Идет, бывало, атаманша Ильиниха по станице, высокая и до глубокой старости стройная, как раина. В знак траура по мужу одета постоянно в черное до пят платье, покроя особого, вроде монашеского, не казачьего и не барского. В руке обязательно палка – высокий посох, иногда это просто выломанный от мощного подсолнуха стебель. Идет неторопливо, будто шествуя торжественно, с посохом своим похожая на патриарха с жезлом.

Мимо идущие казаки, и молодые и старые, почтительно снимают шапки и кланяются бывшей атаманше в пояс. А она иного подзовет низким басовитым голосом, остановится величаво и начинает «чепушить» за какую-нибудь ею замеченную провинку. Или в церкви не истово стоял, или жене изменяет. Все, что в станице делается, Ильиниха знает. Особенно негодовала она на тех, за кем приметила порок ругаться «черным словом» (чертом). Подзовет иногда поближе, поближе и – «за чуприну»! Не взирая на возраст и общественное положение в станице. Говорят, дирывала за волосы и молодых офицеров даже. Иного еще и посохом своим подсолнечным по спине так протянет, что хрупкая палка переломится, из чего видно, что посох-жезл брался в руки не столько для опоры тела, сколько для величия, как знак власти.

И все безропотно принимали от старой атаманши наказание, да принято было еще благодарить «за науку» целованием наказующей руки.

На сходки казачьей «старшины» женщины не допускались.
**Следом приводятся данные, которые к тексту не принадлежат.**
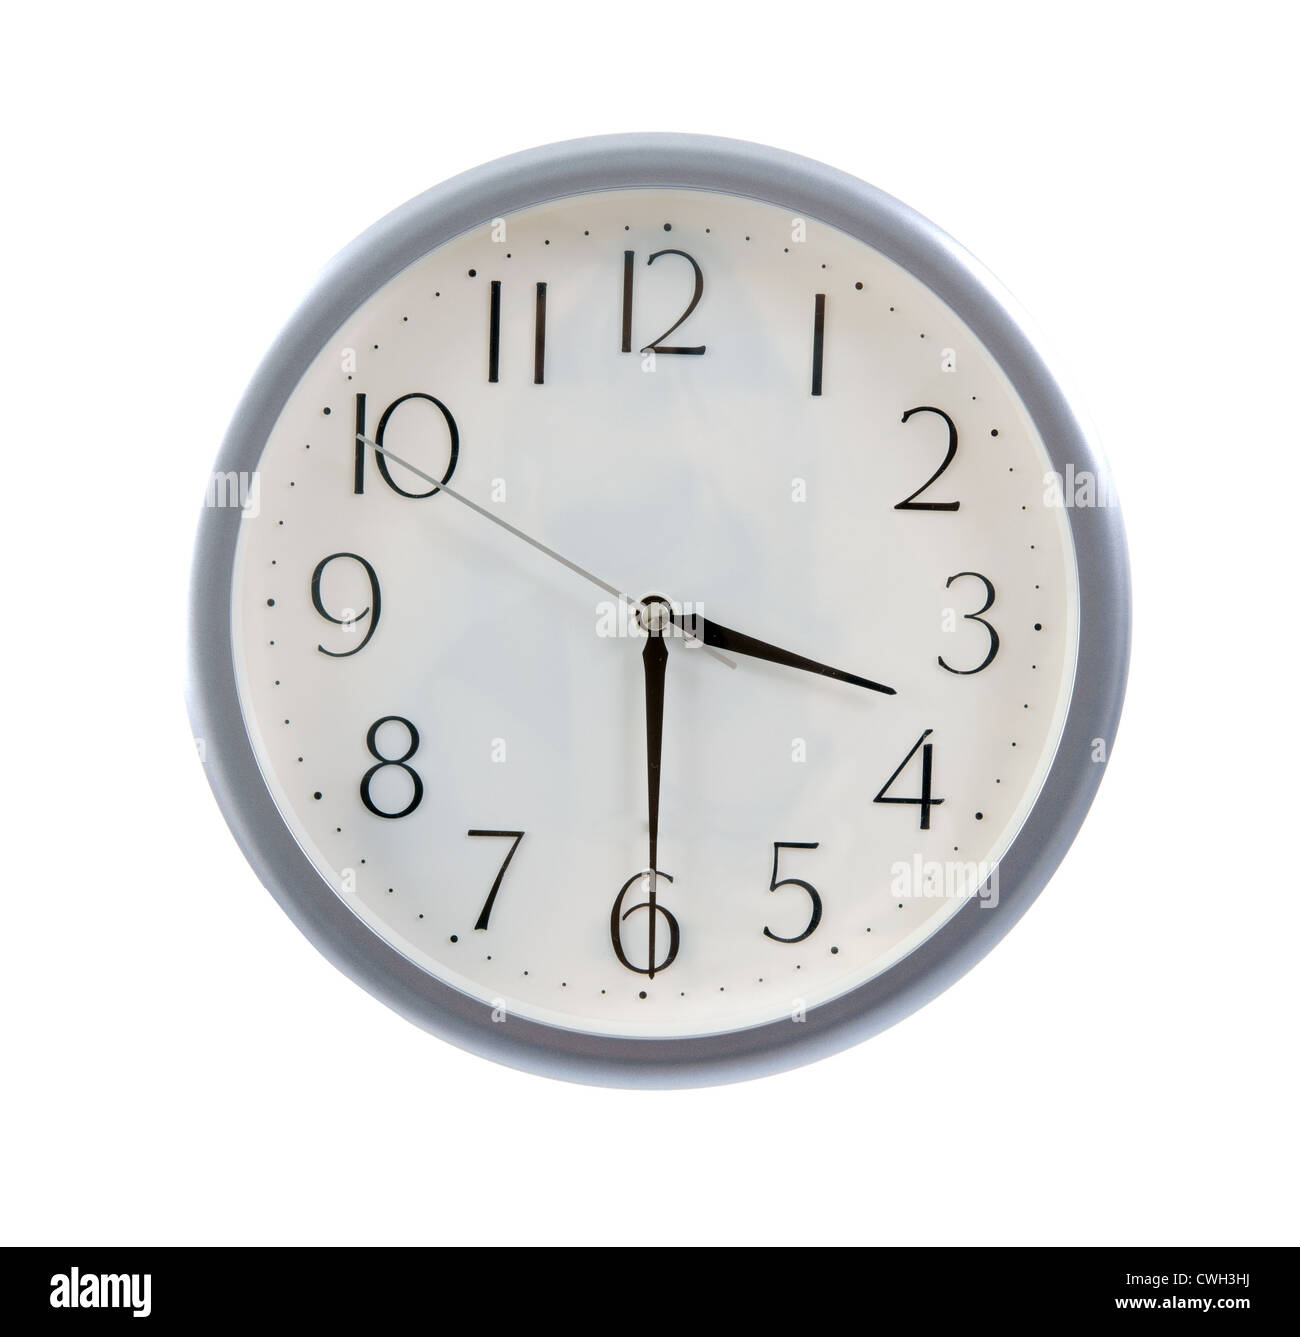 3 30 clock Imágenes recortadas de stock - Alamy

Но прабабка Марина смело и без зова шла к казачьему кругу, все перед нею почтительно расступались, и она диктовала старым казакам, как надо поступать в том или ином случае.

В молодости стреляла метко, участвовала и брала призы в джигитовках казачьих и, по слухам, чуть не застрелила на чьей-то свадьбе мужа, когда он шутейно приволокнулся за какой-то смазливой казачкой.

Дочь ее Таня – бабушка моя – окончила Александровскую ставропольскую гимназию, называемую «пансионом», т. к. многие гимназистки, дочери знатных или богатых обитателей сел и станиц губернии, жили при самой гимназии в течение учебного года. В Ставрополе же бабуля и замуж вышла, к негодованию прабабки, за «простого солдата», т. е. чином невеликого чиновника, писаря. Маша – дочь тоже замужем была за немцем, богатым колонистом, жила с детьми где-то в Средней Азии, кажется. На фотографии Машина дочь Ирина – с моим профилем, а сын Ипполит – будто мой отец.

Вдовствующая прабабка Марина в старости оставалась совсем одна в своем хорошем станичном доме, окруженная только челядью. Но по близости Ставрополя внуки, Танины дети – отец мой и его сестра, гимназические каникулы проводили у бабки, в станице, а зимою она сама езживала погостить в город к рано овдовевшей Тане.

Дом прадедовский в Суворовке, теперь так неузнаваемо перестроен, что навестившая дедовщину в сороковых годах тетя Веруся узнала его только по старой кривой вербе.[38]38
  Эту кривую вербу я увидела в 1990 г., проездом, когда знакомый Юра свозил меня и мужа в ст. Суворовскую – мою дедовщину. Я там была впервые. Плакала в церкви.


[Закрыть]
Использовался он в советское время как детсад, а прежде был выстроен по барски: с деревянными колоннами, с большой застекленной террасой, как полагалось на юге… При нем был сад, тополя и памятная верба… Внутри дома – обстановка хотя бы и столичной семье впору: мебель ампирная была, в «зале» на мраморных подставках в виде античных колонн – небольшие мраморные статуэтки, видимо, дедовские «трофеи», привезенные из западных походов. В горках – фарфор, хрусталь, были чарочки с вензелем N, чашки с узором из пчел, отбитые дедами в наполеоновских обозах. Единственный такой стаканчик, памятный, недавно разбит уже в моей семье. На стенах – ценное оружие на чудных кавказских и персидских коврах. На одной полувыцветшей фотографии прадедовского домашнего интерьера разглядела я маленькую скульптуру «Трех граций» в струящихся к ногам хитонах.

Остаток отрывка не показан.